COVID hospitalizations have fallen but remain unusually high compared to what’s seen with other respiratory viruses. Source: CDC COVID-NET


Why is COVID like this?


COVID is not behaving like its peers, even though almost five years have passed since its emergence. That makes it increasingly unlikely that its unusual behavior is due to it being a new virus, and more due to factors inherent to the virus. In fact, evidence does seem to support this.


One factor is that SARS-CoV-2, the virus that causes COVID-19, is simply more contagious. This is measured by a value called the basic reproductive number, or R0: the average number of people a sick person will infect in a susceptible population. For the flu, that number is around two. For RSV, it’s around three. For the Omicron variant of SARS-CoV-2, it’s over eight. This puts it much closer to viruses like Smallpox, Polio, and Measles than the flu, but immunity to those viruses is also lifelong. That puts SARS-CoV-2 in a league of its own.
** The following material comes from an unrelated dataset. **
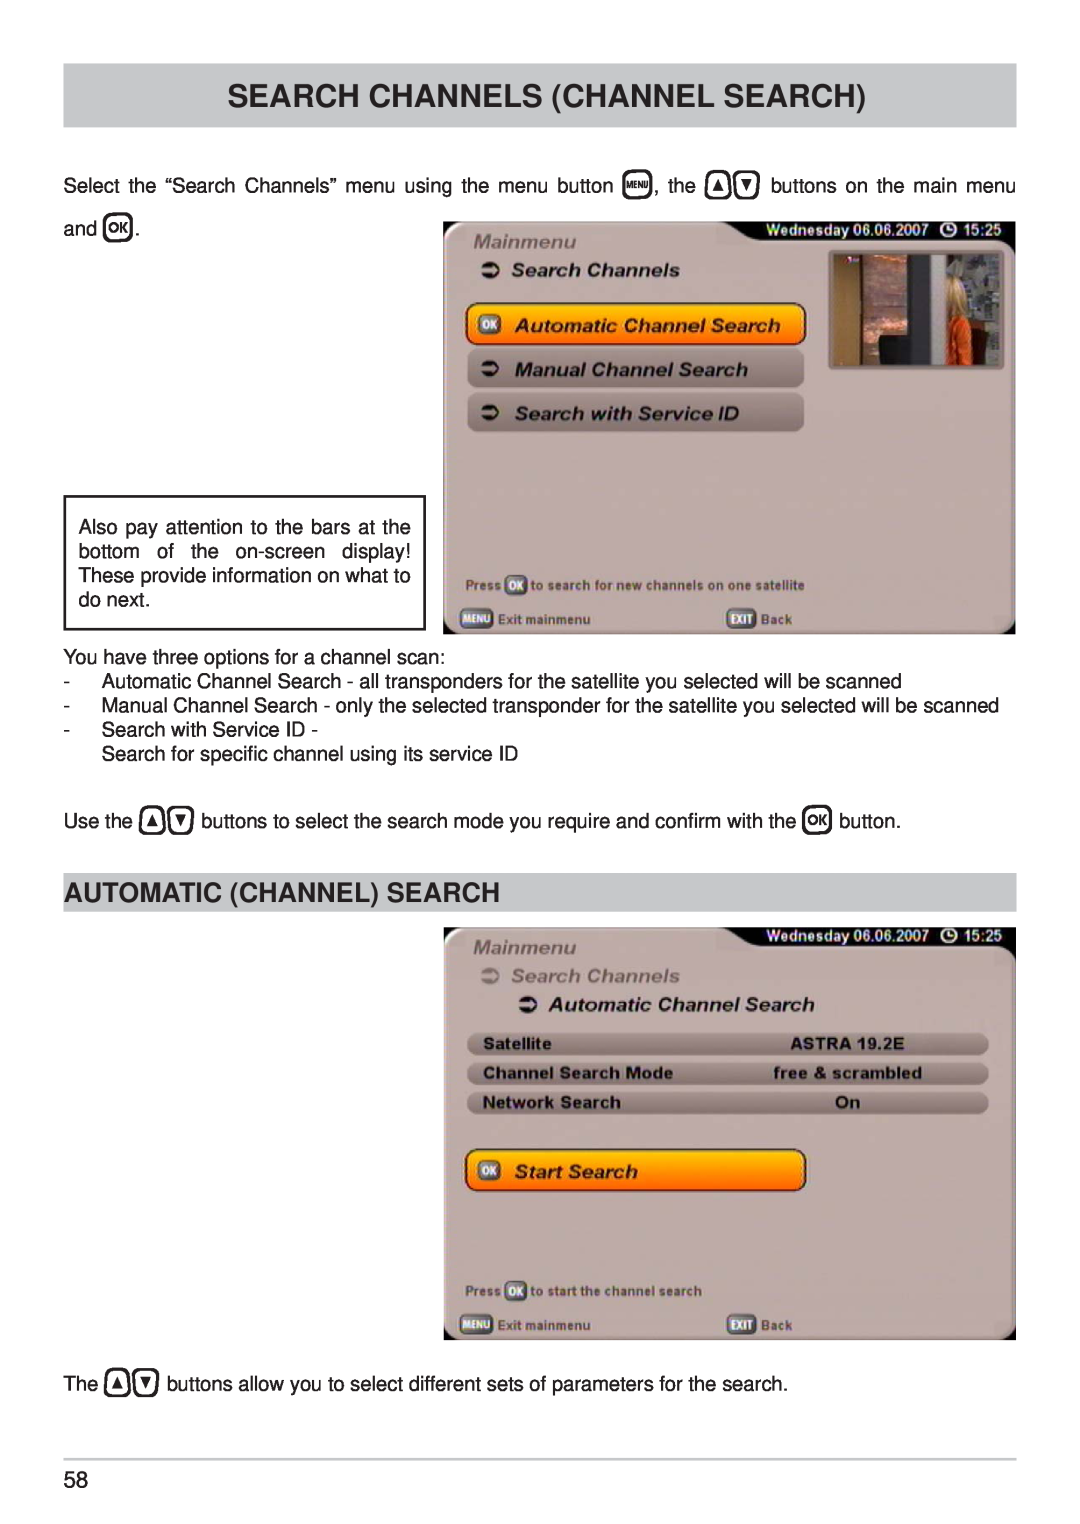 Kathrein UFS 710si, UFS 710sw manual Search Channels Channel Search, Automatic Channel Search 
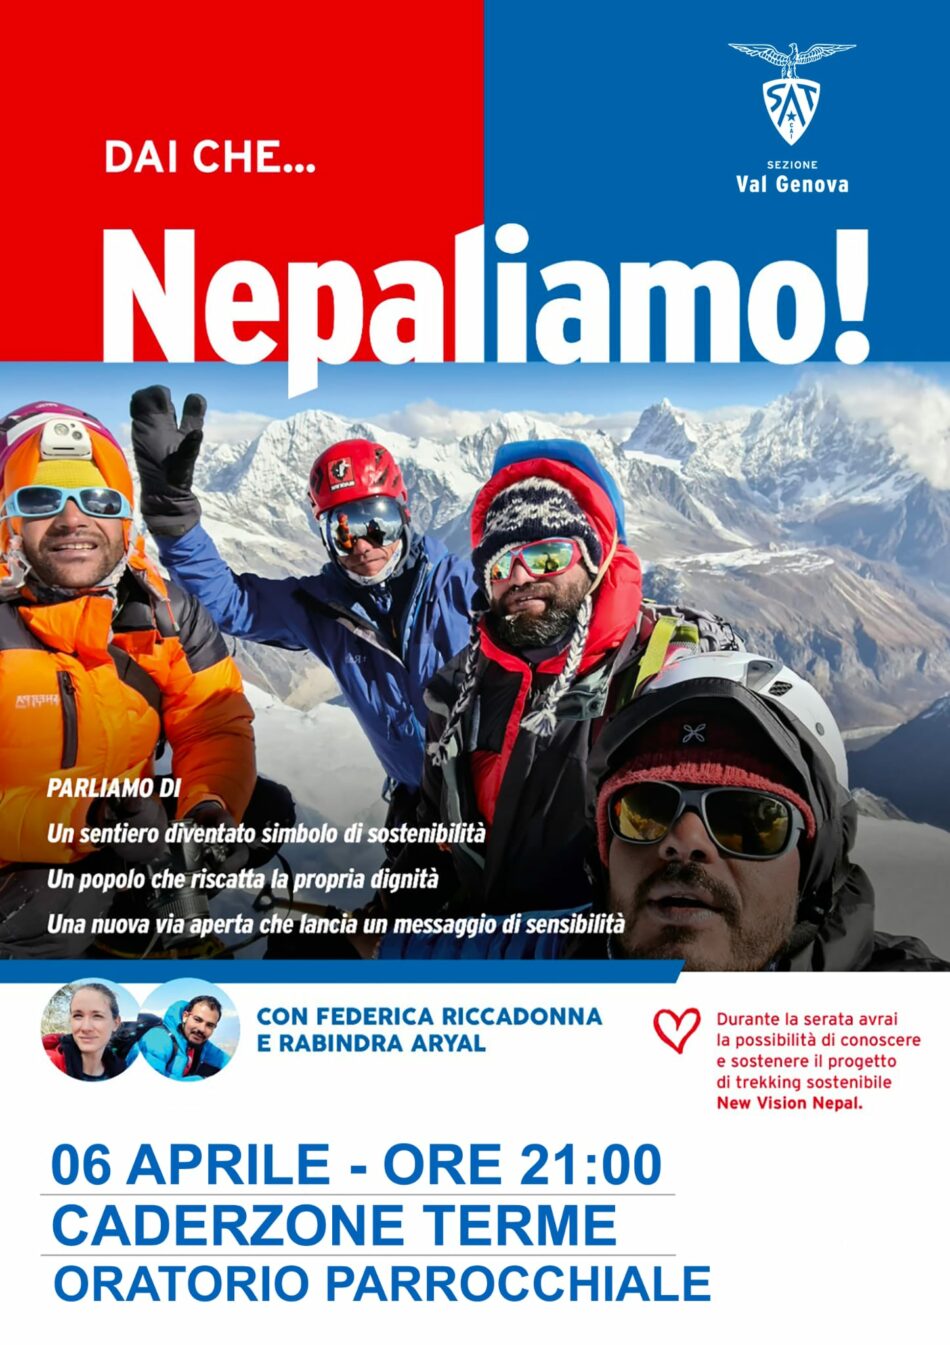 Caderzone Terme 6 aprile: dai che… Nepaliamo

To understand why this matters, we must revisit a concept often cited in early months of the pandemic: herd immunity. Essentially, viral outbreaks stop as they run out of susceptible people to infect. Herd immunity is the threshold of how many people need to be infected or made immune in some other way (like vaccination) to slow an outbreak.


Immunity to viruses like the flu and SARS-CoV-2 is temporary, so there is no permanent herd immunity. Instead, they surge, slow, and surge again as soon as enough people lose immunity. The more contagious a virus is, the lower the herd immunity threshold, meaning that outbreaks are much more frequent. This can be demonstrated by a simple SIR model (a common disease model used since the 20th century). We see that the less contagious virus behaves like the flu with pronounced lulls and sharp peaks, whereas the more contagious virus is always around.



Another factor is that SARS-CoV-2 evolves faster. As the virus changes, it can become more contagious or unrecognizable to antibodies produced by the immune system. Though it’s not a rule, this usually means that the faster a virus evolves, the more people it can infect.


Each year, SARS-CoV-2 substitutes an average of 0.02 amino acid substitutions per residue in the S1 region of its Spike protein. S1 is a crucial part of the virus that affects how the virus attaches to cells and escapes immunity, so mutations here are particularly impactful. Compared to similar parts of other viruses, this rate of evolution is almost ten times faster than what’s seen with other coronaviruses and even faster than H3N2, the most dangerous seasonal flu strain. Once again, COVID is in a league of its own.


SARS-CoV-2 seems to be the fastest-evolving respiratory virus on the market. Source


Even as the world recovers from COVID, the virus's ability to infect remains robust. Repeated waves of infections and hospitalizations will continue. While deaths have fallen, poorly understood consequences like long COVID remain a persistent threat.